-- INPUT DATA follows --
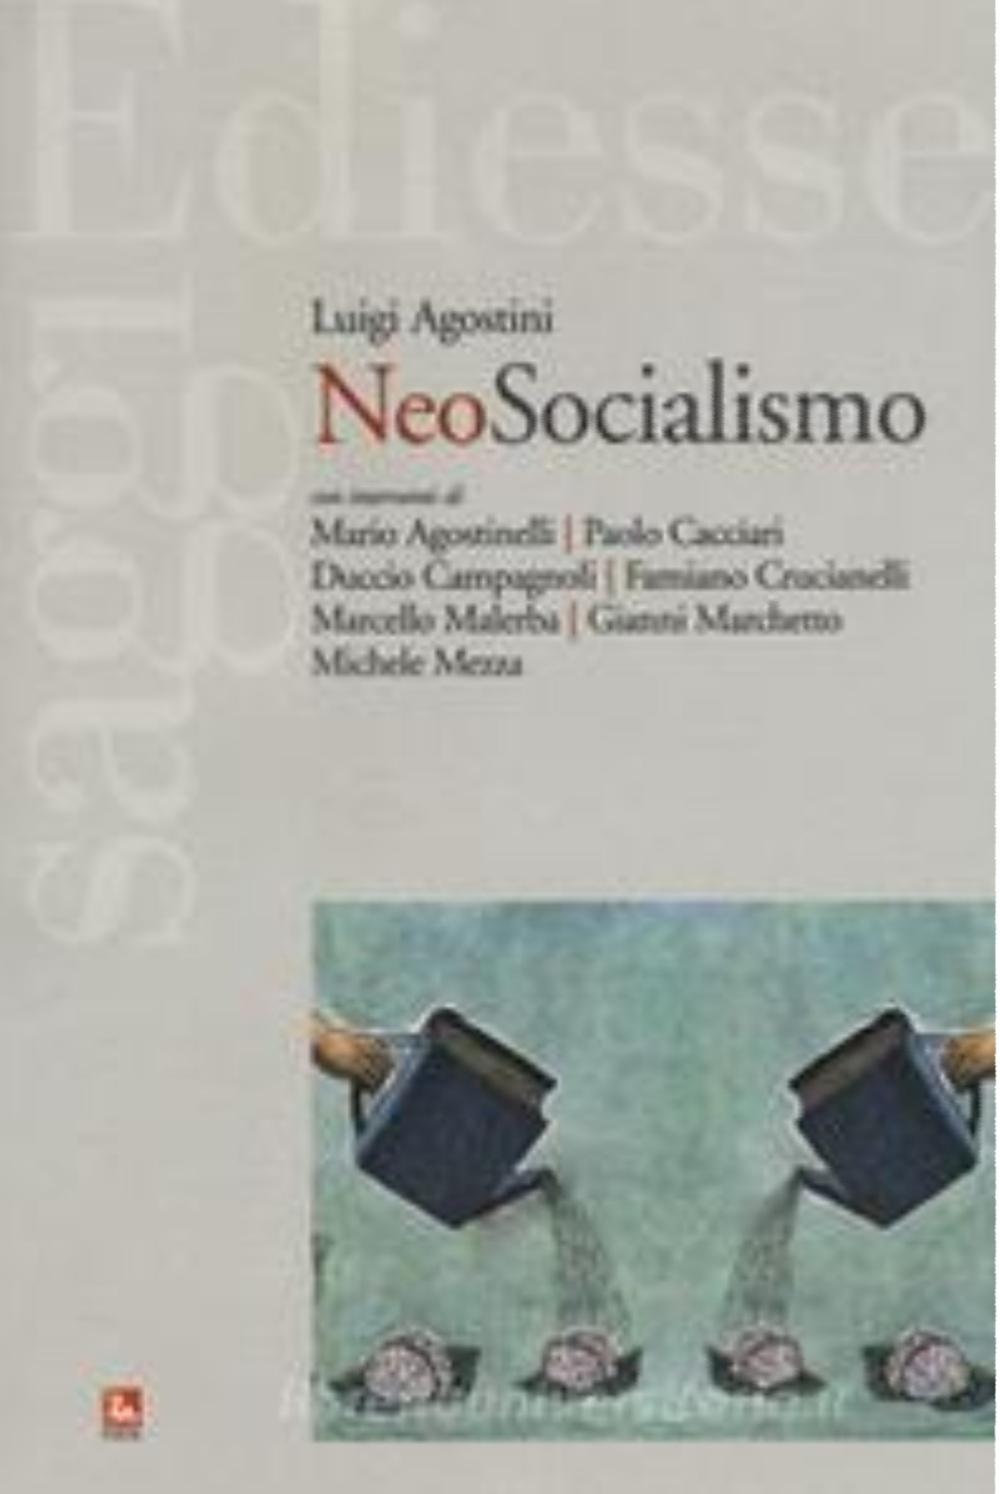 Neosocialismo-Luigi Agostini
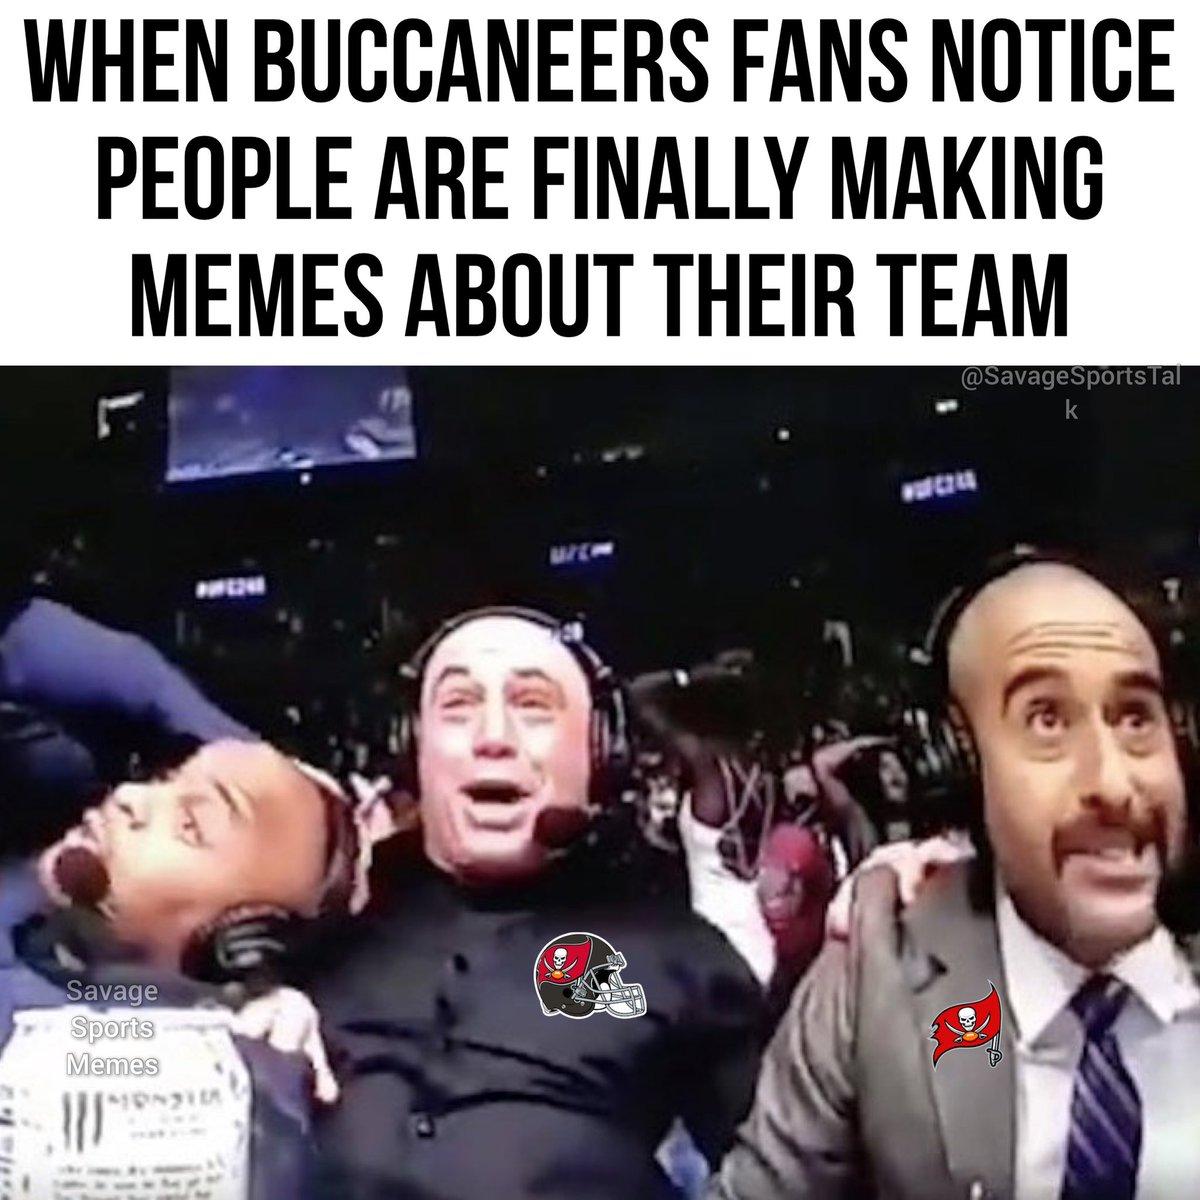 #NFL #NFLmeme #NFLmemes #football #footballmeme #footballmemes #meme #memes #sports #sportsmeme #sportsmemes #tampabay #bucs #buccaneers #tombrady #tb12pic.twitter.com/DLrn0UwD5w
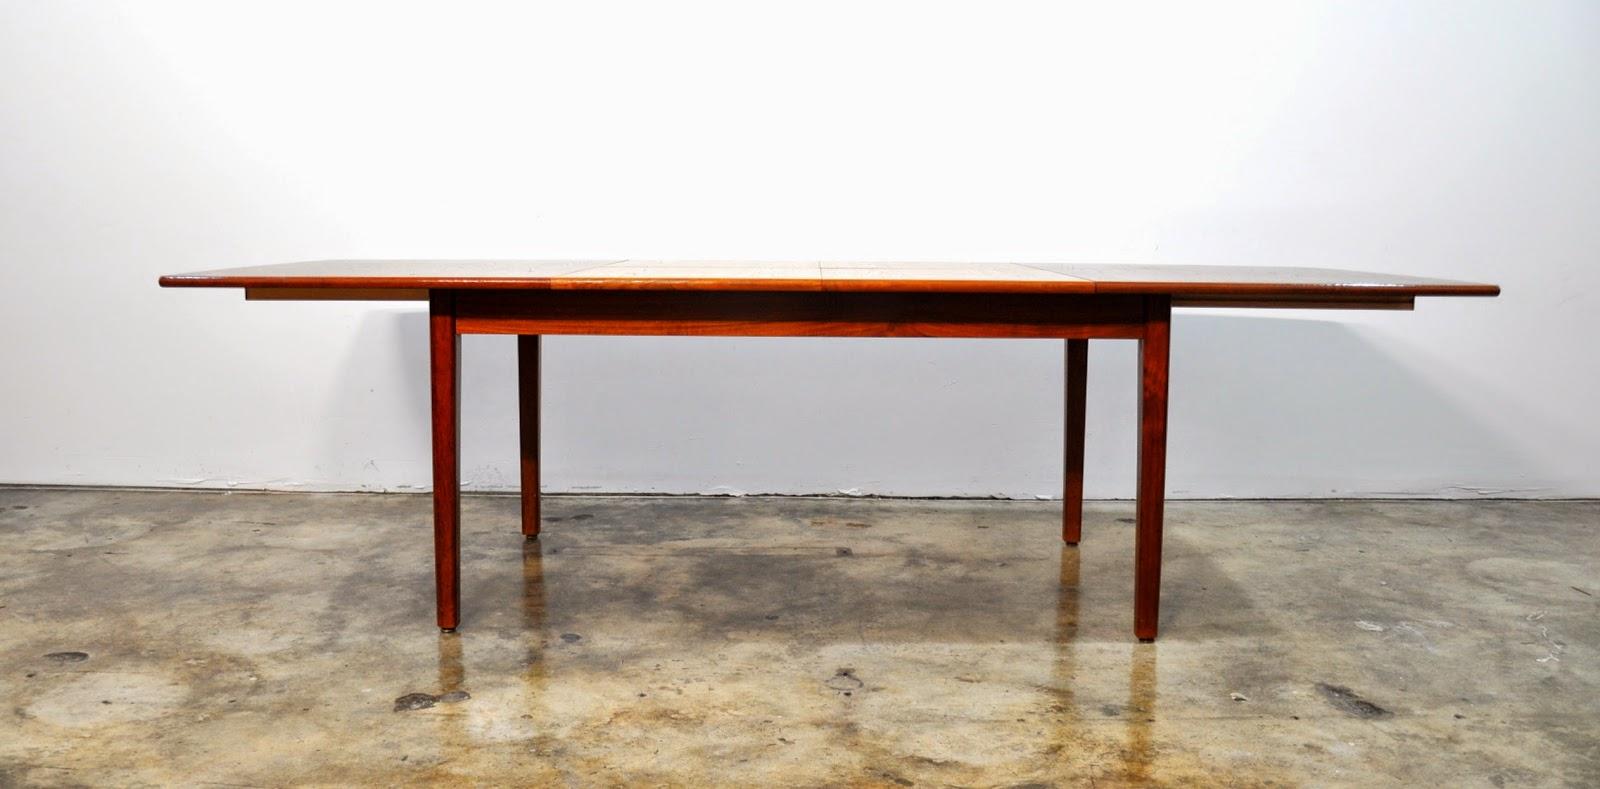 SELECT MODERN Falster Teak Expandable Dining Table : FalsterTeakDiningTable4 from midcenturymoderndesignfinds.blogspot.com size 1600 x 789 jpeg 145kB
-- INPUT DATA concluded --
ACTION ITEM: Write the material out again word for word and omit any images.

SOLUTION TO THE EXERCISE:
 Neosocialismo-Luigi Agostini
 #NFL #NFLmeme #NFLmemes #football #footballmeme #footballmemes #meme #memes #sports #sportsmeme #sportsmemes #tampabay #bucs #buccaneers #tombrady #tb12pic.twitter.com/DLrn0UwD5w
 SELECT MODERN Falster Teak Expandable Dining Table : FalsterTeakDiningTable4 from midcenturymoderndesignfinds.blogspot.com size 1600 x 789 jpeg 145kB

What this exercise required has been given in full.